What sets CT apart in my opinion, is the match made in heaven that is Tony-Tarantino. Although originally written by Michael Schiffer, Scott asked his trusty TR collaborator to “Tarantino-ize” the dialogues. It was never revealed which lines exactly came from Quentin’s pen – both Robert Towne and Steven Zaillian reportedly also did some script doctoring – but to me the film feels very similar to the audiovisual fireworks on display in TR:

Scott expected to get full cooperation from the Navy on CT – like he got on TG years before – but the US Government was not so keen this time. What makes the film so nail-bitingly exhilarating – two senior officers disagreeing on how to interpret an apparent order to launch nuclear missiles – is exactly what disturbed the actual armed forces. The US Navy decided it was bad publicity to support a production wherein mutiny was on full display, and publicly disavowed the film.

The premise is utterly fascinating to me, though. Jason Robards – in a cameo as a naval inquirer in CT’s final scene – says it best: “…you were both right, and you were also both wrong.” It is, to an extent, very similar to the central issue in another one of my all-time favorites – A Few Good Men (1992). Do you blindly follow orders or are you, under certain circumstances, allowed and perhaps even expected to question them? It is a topic for an extremely complicated discussion that will occupy the minds of men and inform film scripts for years to come. Not to mention an opportunity to organize the ultimate themed movie-night with a double presentation of CT and AFGM…

After CT, Scott made a series of films that wildly divided fans and critics alike. The one that we are absolutely, under no circumstances, allowed to like according to the people who claim there is such a thing as a bad film, is The Fan (1996). It gives me great pleasure to wholeheartedly disagree with the folks who confuse their own taste with that of the rest of the world. I adore The Fan.

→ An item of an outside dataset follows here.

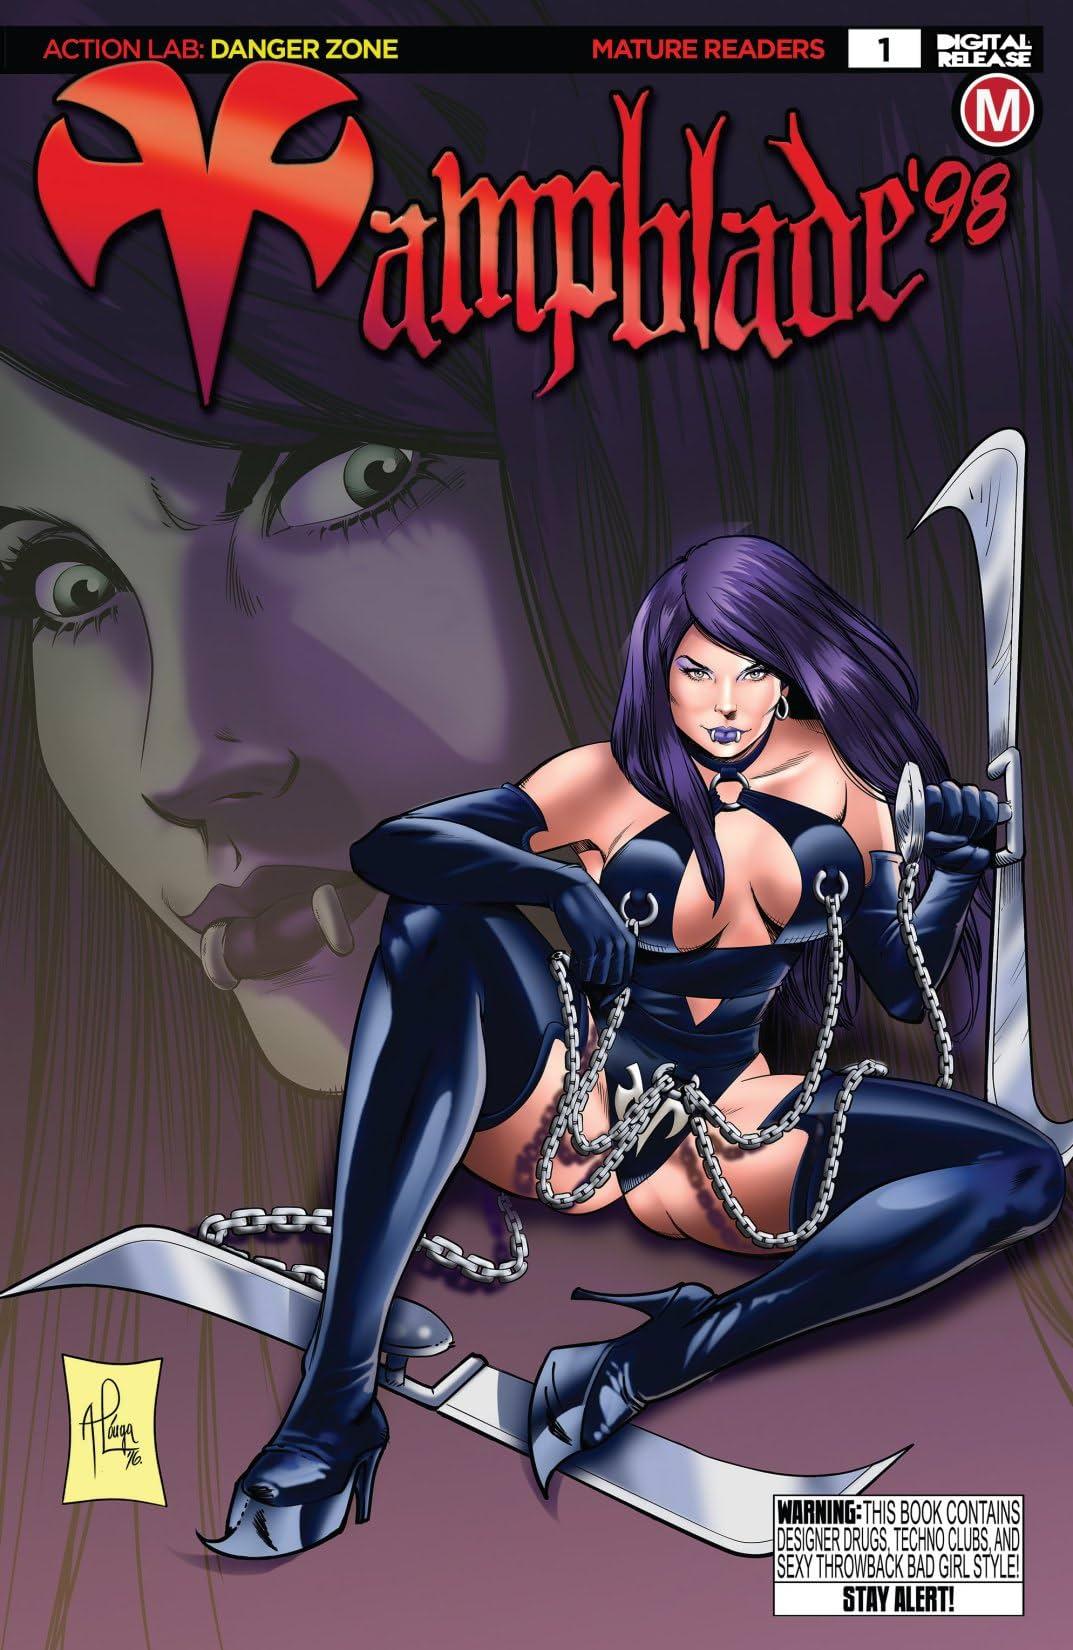 Vampblade '98

Again, the combination of crucial elements is spot on here – a stellar cast consisting of Robert De Niro, Wesley Snipes, John Leguizamo, Ellen Barkin and Benicio Del Toro, moody cinematography by CT lenser and future Ridley Scott collaborator Dariusz Wolski, and a haunting Hans Zimmer score. Zimmer was by then a Scott trustee, providing the soundtrack for most of Tony and Ridley’s films.

I struggle to understand why there is so little love for The Fan. As he did so many times before, Scott blazed the trail for numerous young directors who came after him with stylistic choices that are still used to this day. Although it is debatable which prolific filmmaker first thought of Trent Reznor as a fantastic audio contributor to their visuals (Tony Scott, Oliver Stone or David Fincher), the composer certainly appears to be more in demand since The Fan, Natural Born Killers (1994) and Se7en (1995).

The Fan also was Scott’s self-confessed experimental film that led into his phase of increasingly frenetic editing. I personally feel that Scott pushed the cutting of his films into the extreme after The Fan, climaxing – or cratering, as you please – with Domino (2005), but I did always appreciate the sheer originality of it.

After The Fan came, among other projects, four more films with CT star Denzel Washington. I ran to the cinema for every single one of ‘em, and recognized the master’s hand time and time again. Man on Fire (2004) is widely regarded as Scotts’s Magnum Opus, and Tarantino recently named Unstoppable (2010) as one of his favorite films of the last decade. I love all of Scott’s work, but my heart truly belongs to the films he made before Enemy of The State (1998).

On August 19th 2012, Tony Scott committed suicide by jumping of the Vincent Thomas Bridge in Los Angeles. I honestly don’t know what to write after a devastating sentence like that. Scott’s films gave me more joy than any other director I can think of, and I am selfishly sad that there won’t be any more. His older brother Ridley continues to make masterpiece after masterpiece, and shows no signs of slowing down any time soon. I have never seen or heard Ridley speak publicly about his brother’s death, and he is of course not obligated to do so. Tony Scott’s untimely demise remains one of the most frustrating events in film history though, and all I can do is quietly celebrate the man and his work.